Composition-tunable PtNiCu nanoparticles for boosting methanol oxidation reaction

Cost-effective fabrication of highly active catalysts are greatly needed for the commercial application of direct methanol fuel cells to alleviate the pollution issues and energy crisis. Compared with binary Pt-based catalysts, the ternary alloy nanoparticles possess high activity for methanol oxidation reaction (MOR). However, comparatively few works are reported on ternary PtNiCu catalysts for MOR. Herein, we present the synthesis of ternary PtNiCu catalyst for MOR by hydrogen reduction method. The electronic structure near Pt surface is optimized by alloying the transition metals such as Ni and Cu. Electrochemical results indicate the excellent activity of PtNiCu nanoparticles stabilized on multi-walled carbon nanotubes (MWCNTs) surface for MOR, outperforming those of PtNi, PtCu, and Pt nanoparticles dispersed on MWCNTs. By further tailoring the atomic ratio of Pt:Ni:Cu, the varying MOR performance with the various compo-sitions of the prepared catalysts is revealed. This work displays a strategy for the controllable fabrication and electronic tailoring of PtNiCu catalyst.

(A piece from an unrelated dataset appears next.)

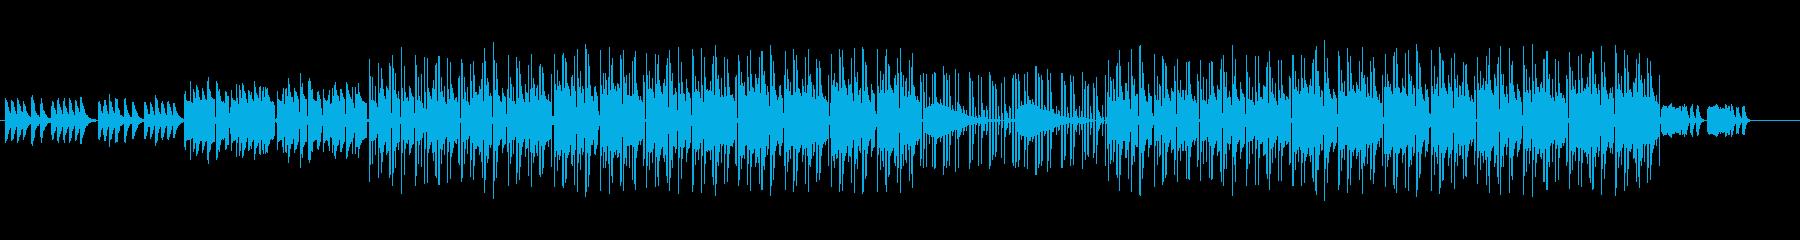 かわいい、ゆるい、コミカル-03の再生済みの波形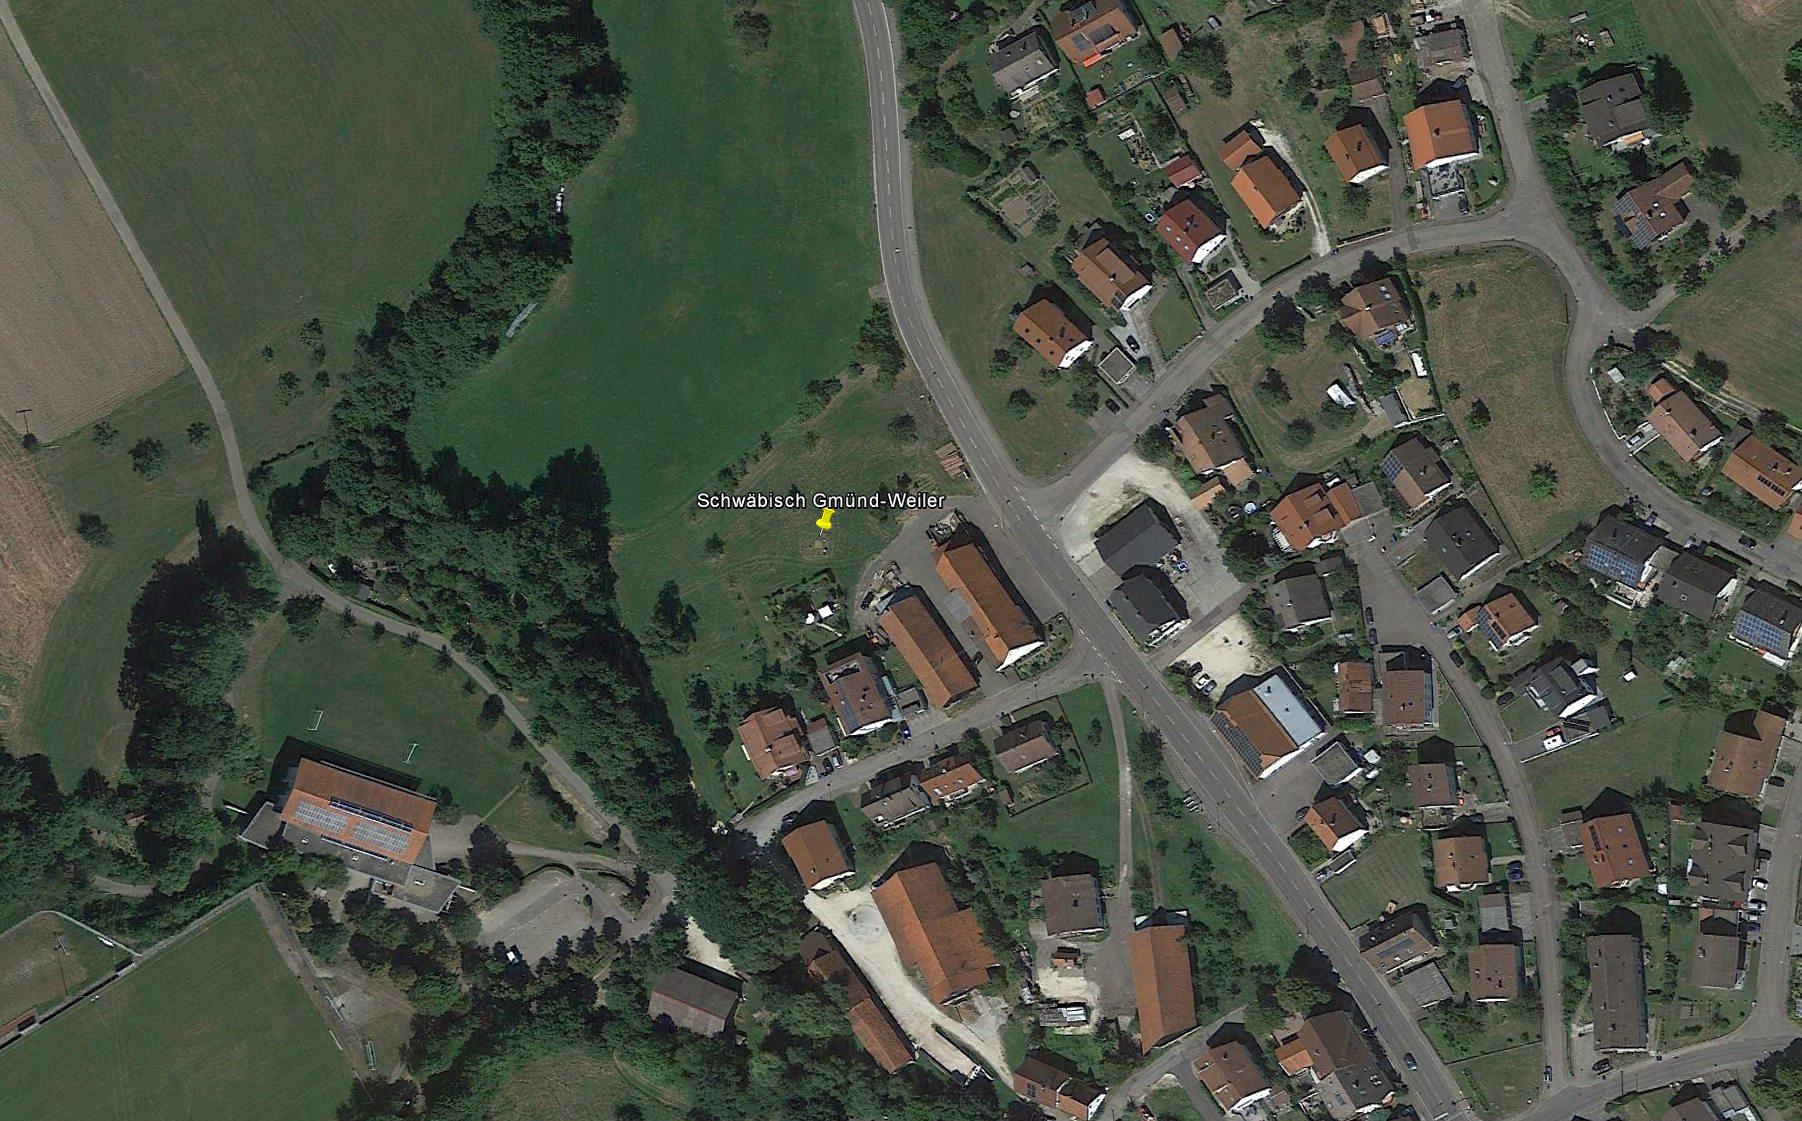 http://www.wetterstation-leutenbach.de/Bilder/weiler2.jpg

The prepared PtNiCu catalyst can be further used in MOR and other catalytic reactions. (c) 2023 Elsevier B.V. All rights reserved.

Automated summary

Cost-effective fabrication of highly active PtNiCu catalysts for direct methanol fuel cells is crucial to alleviate pollution and energy crisis. This study presents the synthesis of ternary PtNiCu catalysts by hydrogen reduction method, which show excellent activity for methanol oxidation reaction (MOR). The electronic structure near Pt surface is optimized by alloying transition metals such as Ni and Cu, and the prepared PtNiCu catalysts outperform binary PtNi, PtCu, and Pt catalysts on multi-walled carbon nanotubes (MWCNTs) for MOR.